Possible Answer: They use string and woodwind instruments the most. 

 

Music in General:

This category just lists my questions on how the music differentiates itself from others. 

8. What makes the music unique from all others?

Possible Answer: I think the Bai music is unique compared to all others due to the history that influenced it and the area it was created in. Most music people listen to nowadays correspond to composers who create the music in cities, comfortable homes or studios. Bai music was most likely composed in the countryside and relates to nature and the lives of the Bai people.

 

9. What are popular Chinese music pieces?

Possible Answer: 《岷江夜曲 《四季歌》 《绿岛小夜曲》 《海东调》 《栽秧调》《霸王鞭调》

 

History of Bai Music:

This category just talks about the general history of the Bai music and how it's changed to the form it's taken on today.

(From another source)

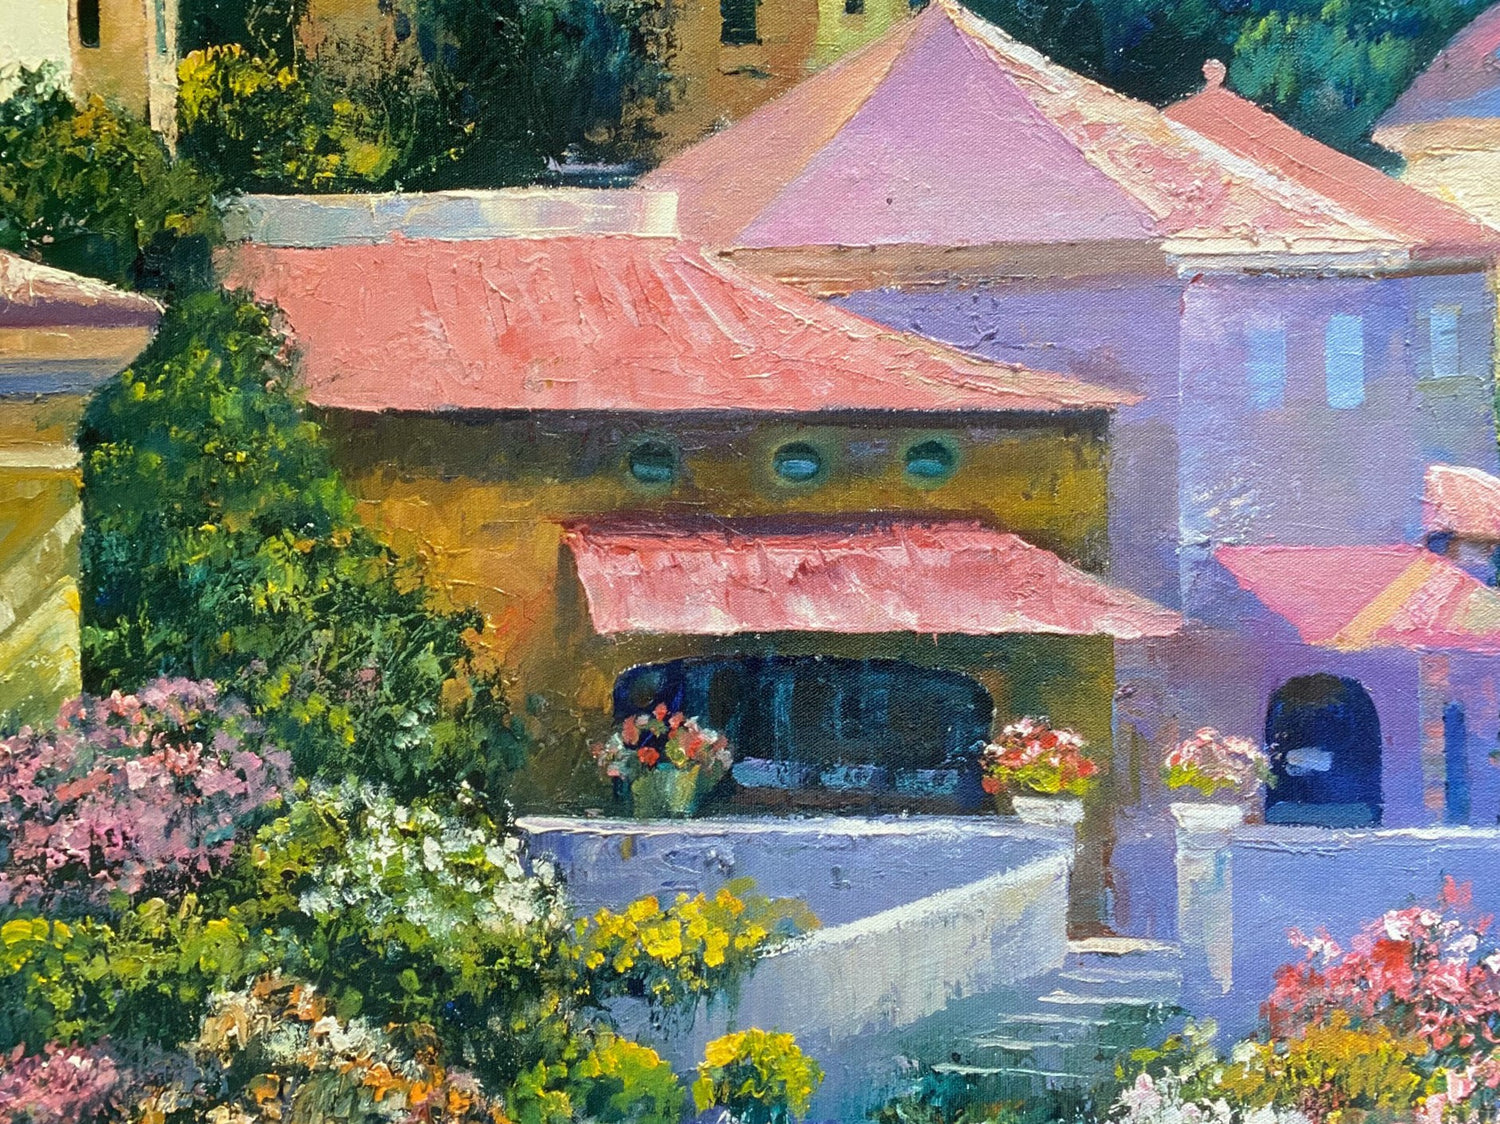  Villas of Italy Howard Behrens Canvas Giclée Artist Hand Signed and Numbered

10. What is the history of Bai music?

Possible Answer: Bai music was brought to Xizhou by a band of traveling musicians who had learned the music from farther lands. When they came to Xizhou they performed their music for the emperor and the emperor enjoyed the music so much that the imbued it together with his empire’s daily life. He asked the musicians to teach the local people the music so that he could listen to the music as much as he wanted.  Eventually the villagers had all heard about this music and many of them had been turned villager to musician. To this day there are still many bands that play Dongjing music. 

 

11. Has anything influenced changes on to Bai Music along the way? 

Possible Answer: The Cultural Revolution, but besides that there was nothing else that was particular big. 

12. What changes has it caused with the Bai Music?

Possible Answer: Bai music was changed during the Cultural Revolution because Mao regulated entertainment use. He would not allow anyone to listen to music, but only certain songs that he chose and believed related to his cause. 

Source Information: 

1. Online: Wikipedia- Music of Yunnan, http://en.wikipedia.org/wiki/Music_of_Yunnan

2. Online: baidu- Music of the Baihttp://baike.baidu.com/view/197368.htm

3. Online: Wikipedia- List of Chinese Musical Instruments, http://en.wikipedia.org/wiki/List_of_Chinese_musical_instruments

4. Online: Culture Grams- China, http://online.culturegrams.com/world/accessible_report.php?cid=34

5. Online: Sounds of Naturehttp://www.s-o-n.net/luguan01.htm

6. Online: 8 Traditional Sounds in Chinese Music, http://china.answers.com/chinese-culture/8-traditional-sounds-in-chinese-music  

7. Online: The Sound of Silk and Bamboo, http://www.melodyofdragon.org/traditions.html

8. Online: Popular Chinese Songs, http://pgoh13.com/chinese_songs.php

9. Mr.T (3-5)

10. Mr.Linden (3-5)

11. Mr.Craig (3-5)

12. Ms.Mai (3-5)

13. Andrew (3-5)

14. Frank (3-5)

15. Su Mei (3-5)

16. Seb (3-5)

17. Xiao Tang (3-5)

18. Isabelle (3-50

19. Annaliese (3-50

20. Mr. Zhao (Leader of many Bai Music bands)

21. Mr. Yang (The guard for YangZhouRan)

22. Mr. Dong (The 88 year old scholar)

23. Mr. Zhang (The instrument maker)

24. Mr. Zhang (The Erhu player)

Hello! I'm 13 years old and in 8th grade. I'm from Hong Kong and this is my 1st year in Shanghai. I was born in Hong Kong and lived there for 8 years, moved to Beijing for 4 and now I'm in Shanghai. I'm half cantonese, half taiwanese. Some of my hobbies include drawing, playing badminton, singing, and playing the piano and guitar. I have a huge passion for music and it's one of the biggest influences in my life. I've played guitar for 1 1/2 years and the piano for 10 years now. Now that I'm back in Shanghai I don't feel at all regretful that I chose to come on this journey. I miss the clear starry nights of Xizhou, the fresh air and the sense of calm being there gives me. This was an experience that I will never forget and I wish the future Microcampus kids the best of luck in their journey to come!